Print the entire listing. Each line must match the original exactly.

[Start of section]

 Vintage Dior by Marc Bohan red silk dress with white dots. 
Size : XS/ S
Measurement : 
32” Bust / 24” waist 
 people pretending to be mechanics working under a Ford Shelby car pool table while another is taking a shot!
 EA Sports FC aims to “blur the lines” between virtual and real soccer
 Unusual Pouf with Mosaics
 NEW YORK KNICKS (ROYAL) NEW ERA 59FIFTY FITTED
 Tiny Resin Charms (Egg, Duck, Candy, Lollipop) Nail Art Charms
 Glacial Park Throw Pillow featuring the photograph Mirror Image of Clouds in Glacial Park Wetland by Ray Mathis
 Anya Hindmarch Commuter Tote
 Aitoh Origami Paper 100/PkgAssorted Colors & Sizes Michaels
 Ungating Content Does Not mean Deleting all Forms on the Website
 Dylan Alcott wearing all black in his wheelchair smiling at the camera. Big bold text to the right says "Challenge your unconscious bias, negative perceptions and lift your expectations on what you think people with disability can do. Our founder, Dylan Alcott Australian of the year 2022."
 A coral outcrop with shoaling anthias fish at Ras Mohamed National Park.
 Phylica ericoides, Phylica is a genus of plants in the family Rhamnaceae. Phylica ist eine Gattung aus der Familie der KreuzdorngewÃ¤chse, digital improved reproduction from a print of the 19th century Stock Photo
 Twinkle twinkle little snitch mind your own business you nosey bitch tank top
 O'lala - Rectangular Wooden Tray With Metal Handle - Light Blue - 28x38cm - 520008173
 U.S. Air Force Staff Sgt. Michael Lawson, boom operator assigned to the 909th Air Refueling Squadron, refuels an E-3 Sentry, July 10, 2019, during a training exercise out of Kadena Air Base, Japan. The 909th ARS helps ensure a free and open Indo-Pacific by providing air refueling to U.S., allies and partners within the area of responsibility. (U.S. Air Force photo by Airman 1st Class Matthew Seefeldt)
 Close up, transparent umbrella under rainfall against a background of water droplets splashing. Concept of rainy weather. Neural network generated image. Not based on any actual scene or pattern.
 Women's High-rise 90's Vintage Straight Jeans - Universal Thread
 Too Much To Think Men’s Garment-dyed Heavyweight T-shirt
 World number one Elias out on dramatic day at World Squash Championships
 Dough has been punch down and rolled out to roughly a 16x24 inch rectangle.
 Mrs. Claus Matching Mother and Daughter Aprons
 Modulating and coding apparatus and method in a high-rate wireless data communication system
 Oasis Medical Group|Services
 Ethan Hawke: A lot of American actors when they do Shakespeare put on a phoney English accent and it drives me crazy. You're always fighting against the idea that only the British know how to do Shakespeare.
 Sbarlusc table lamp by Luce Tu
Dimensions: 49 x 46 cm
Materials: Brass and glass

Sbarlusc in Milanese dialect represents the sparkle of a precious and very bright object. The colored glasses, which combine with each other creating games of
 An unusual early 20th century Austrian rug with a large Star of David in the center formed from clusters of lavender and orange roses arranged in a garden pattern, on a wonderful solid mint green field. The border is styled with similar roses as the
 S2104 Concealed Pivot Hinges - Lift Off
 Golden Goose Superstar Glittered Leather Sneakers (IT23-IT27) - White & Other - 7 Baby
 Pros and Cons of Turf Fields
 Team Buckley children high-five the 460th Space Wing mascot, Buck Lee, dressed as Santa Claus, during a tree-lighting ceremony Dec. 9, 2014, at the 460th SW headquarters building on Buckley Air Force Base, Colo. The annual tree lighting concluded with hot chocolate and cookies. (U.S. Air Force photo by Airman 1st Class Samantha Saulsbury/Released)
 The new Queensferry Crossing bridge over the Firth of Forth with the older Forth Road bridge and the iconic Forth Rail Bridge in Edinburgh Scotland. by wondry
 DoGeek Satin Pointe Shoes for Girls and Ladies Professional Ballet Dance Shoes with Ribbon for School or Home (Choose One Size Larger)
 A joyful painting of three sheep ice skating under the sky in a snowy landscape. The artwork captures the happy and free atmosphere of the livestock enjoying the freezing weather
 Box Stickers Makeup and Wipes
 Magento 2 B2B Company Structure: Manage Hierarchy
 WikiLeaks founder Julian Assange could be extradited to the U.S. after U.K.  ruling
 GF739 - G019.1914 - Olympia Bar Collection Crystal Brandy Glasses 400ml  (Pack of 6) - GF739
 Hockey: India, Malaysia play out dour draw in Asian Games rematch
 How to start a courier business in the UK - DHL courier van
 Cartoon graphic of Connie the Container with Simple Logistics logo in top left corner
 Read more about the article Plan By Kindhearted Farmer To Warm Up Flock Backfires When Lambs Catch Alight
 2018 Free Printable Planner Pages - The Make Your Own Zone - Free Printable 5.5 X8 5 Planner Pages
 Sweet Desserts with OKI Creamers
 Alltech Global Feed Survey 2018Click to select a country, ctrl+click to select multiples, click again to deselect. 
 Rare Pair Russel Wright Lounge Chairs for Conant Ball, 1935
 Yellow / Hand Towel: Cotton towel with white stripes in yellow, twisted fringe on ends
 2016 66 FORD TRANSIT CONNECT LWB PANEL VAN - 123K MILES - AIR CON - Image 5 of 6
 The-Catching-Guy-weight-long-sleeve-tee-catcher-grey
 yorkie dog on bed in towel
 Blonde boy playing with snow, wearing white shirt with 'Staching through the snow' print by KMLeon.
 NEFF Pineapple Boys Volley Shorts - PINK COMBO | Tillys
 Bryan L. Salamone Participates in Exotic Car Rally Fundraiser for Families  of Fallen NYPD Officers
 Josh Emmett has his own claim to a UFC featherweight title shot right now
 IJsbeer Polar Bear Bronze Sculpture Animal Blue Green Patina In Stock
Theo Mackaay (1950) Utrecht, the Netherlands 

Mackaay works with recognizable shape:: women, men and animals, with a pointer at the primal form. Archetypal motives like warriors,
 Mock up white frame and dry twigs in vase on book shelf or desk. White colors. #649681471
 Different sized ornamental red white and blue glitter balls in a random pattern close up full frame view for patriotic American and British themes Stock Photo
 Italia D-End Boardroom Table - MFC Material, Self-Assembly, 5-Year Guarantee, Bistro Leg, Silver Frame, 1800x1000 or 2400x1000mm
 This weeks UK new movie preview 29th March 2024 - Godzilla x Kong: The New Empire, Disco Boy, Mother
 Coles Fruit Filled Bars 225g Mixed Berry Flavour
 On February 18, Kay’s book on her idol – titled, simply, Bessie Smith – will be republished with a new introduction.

[End of section]

RESPONSE:
 Vintage Dior by Marc Bohan red silk dress with white dots. 
Size : XS/ S
Measurement : 
32” Bust / 24” waist 
 people pretending to be mechanics working under a Ford Shelby car pool table while another is taking a shot!
 EA Sports FC aims to “blur the lines” between virtual and real soccer
 Unusual Pouf with Mosaics
 NEW YORK KNICKS (ROYAL) NEW ERA 59FIFTY FITTED
 Tiny Resin Charms (Egg, Duck, Candy, Lollipop) Nail Art Charms
 Glacial Park Throw Pillow featuring the photograph Mirror Image of Clouds in Glacial Park Wetland by Ray Mathis
 Anya Hindmarch Commuter Tote
 Aitoh Origami Paper 100/PkgAssorted Colors & Sizes Michaels
 Ungating Content Does Not mean Deleting all Forms on the Website
 Dylan Alcott wearing all black in his wheelchair smiling at the camera. Big bold text to the right says "Challenge your unconscious bias, negative perceptions and lift your expectations on what you think people with disability can do. Our founder, Dylan Alcott Australian of the year 2022."
 A coral outcrop with shoaling anthias fish at Ras Mohamed National Park.
 Phylica ericoides, Phylica is a genus of plants in the family Rhamnaceae. Phylica ist eine Gattung aus der Familie der KreuzdorngewÃ¤chse, digital improved reproduction from a print of the 19th century Stock Photo
 Twinkle twinkle little snitch mind your own business you nosey bitch tank top
 O'lala - Rectangular Wooden Tray With Metal Handle - Light Blue - 28x38cm - 520008173
 U.S. Air Force Staff Sgt. Michael Lawson, boom operator assigned to the 909th Air Refueling Squadron, refuels an E-3 Sentry, July 10, 2019, during a training exercise out of Kadena Air Base, Japan. The 909th ARS helps ensure a free and open Indo-Pacific by providing air refueling to U.S., allies and partners within the area of responsibility. (U.S. Air Force photo by Airman 1st Class Matthew Seefeldt)
 Close up, transparent umbrella under rainfall against a background of water droplets splashing. Concept of rainy weather. Neural network generated image. Not based on any actual scene or pattern.
 Women's High-rise 90's Vintage Straight Jeans - Universal Thread
 Too Much To Think Men’s Garment-dyed Heavyweight T-shirt
 World number one Elias out on dramatic day at World Squash Championships
 Dough has been punch down and rolled out to roughly a 16x24 inch rectangle.
 Mrs. Claus Matching Mother and Daughter Aprons
 Modulating and coding apparatus and method in a high-rate wireless data communication system
 Oasis Medical Group|Services
 Ethan Hawke: A lot of American actors when they do Shakespeare put on a phoney English accent and it drives me crazy. You're always fighting against the idea that only the British know how to do Shakespeare.
 Sbarlusc table lamp by Luce Tu
Dimensions: 49 x 46 cm
Materials: Brass and glass

Sbarlusc in Milanese dialect represents the sparkle of a precious and very bright object. The colored glasses, which combine with each other creating games of
 An unusual early 20th century Austrian rug with a large Star of David in the center formed from clusters of lavender and orange roses arranged in a garden pattern, on a wonderful solid mint green field. The border is styled with similar roses as the
 S2104 Concealed Pivot Hinges - Lift Off
 Golden Goose Superstar Glittered Leather Sneakers (IT23-IT27) - White & Other - 7 Baby
 Pros and Cons of Turf Fields
 Team Buckley children high-five the 460th Space Wing mascot, Buck Lee, dressed as Santa Claus, during a tree-lighting ceremony Dec. 9, 2014, at the 460th SW headquarters building on Buckley Air Force Base, Colo. The annual tree lighting concluded with hot chocolate and cookies. (U.S. Air Force photo by Airman 1st Class Samantha Saulsbury/Released)
 The new Queensferry Crossing bridge over the Firth of Forth with the older Forth Road bridge and the iconic Forth Rail Bridge in Edinburgh Scotland. by wondry
 DoGeek Satin Pointe Shoes for Girls and Ladies Professional Ballet Dance Shoes with Ribbon for School or Home (Choose One Size Larger)
 A joyful painting of three sheep ice skating under the sky in a snowy landscape. The artwork captures the happy and free atmosphere of the livestock enjoying the freezing weather
 Box Stickers Makeup and Wipes
 Magento 2 B2B Company Structure: Manage Hierarchy
 WikiLeaks founder Julian Assange could be extradited to the U.S. after U.K.  ruling
 GF739 - G019.1914 - Olympia Bar Collection Crystal Brandy Glasses 400ml  (Pack of 6) - GF739
 Hockey: India, Malaysia play out dour draw in Asian Games rematch
 How to start a courier business in the UK - DHL courier van
 Cartoon graphic of Connie the Container with Simple Logistics logo in top left corner
 Read more about the article Plan By Kindhearted Farmer To Warm Up Flock Backfires When Lambs Catch Alight
 2018 Free Printable Planner Pages - The Make Your Own Zone - Free Printable 5.5 X8 5 Planner Pages
 Sweet Desserts with OKI Creamers
 Alltech Global Feed Survey 2018Click to select a country, ctrl+click to select multiples, click again to deselect. 
 Rare Pair Russel Wright Lounge Chairs for Conant Ball, 1935
 Yellow / Hand Towel: Cotton towel with white stripes in yellow, twisted fringe on ends
 2016 66 FORD TRANSIT CONNECT LWB PANEL VAN - 123K MILES - AIR CON - Image 5 of 6
 The-Catching-Guy-weight-long-sleeve-tee-catcher-grey
 yorkie dog on bed in towel
 Blonde boy playing with snow, wearing white shirt with 'Staching through the snow' print by KMLeon.
 NEFF Pineapple Boys Volley Shorts - PINK COMBO | Tillys
 Bryan L. Salamone Participates in Exotic Car Rally Fundraiser for Families  of Fallen NYPD Officers
 Josh Emmett has his own claim to a UFC featherweight title shot right now
 IJsbeer Polar Bear Bronze Sculpture Animal Blue Green Patina In Stock
Theo Mackaay (1950) Utrecht, the Netherlands 

Mackaay works with recognizable shape:: women, men and animals, with a pointer at the primal form. Archetypal motives like warriors,
 Mock up white frame and dry twigs in vase on book shelf or desk. White colors. #649681471
 Different sized ornamental red white and blue glitter balls in a random pattern close up full frame view for patriotic American and British themes Stock Photo
 Italia D-End Boardroom Table - MFC Material, Self-Assembly, 5-Year Guarantee, Bistro Leg, Silver Frame, 1800x1000 or 2400x1000mm
 This weeks UK new movie preview 29th March 2024 - Godzilla x Kong: The New Empire, Disco Boy, Mother
 Coles Fruit Filled Bars 225g Mixed Berry Flavour
 On February 18, Kay’s book on her idol – titled, simply, Bessie Smith – will be republished with a new introduction.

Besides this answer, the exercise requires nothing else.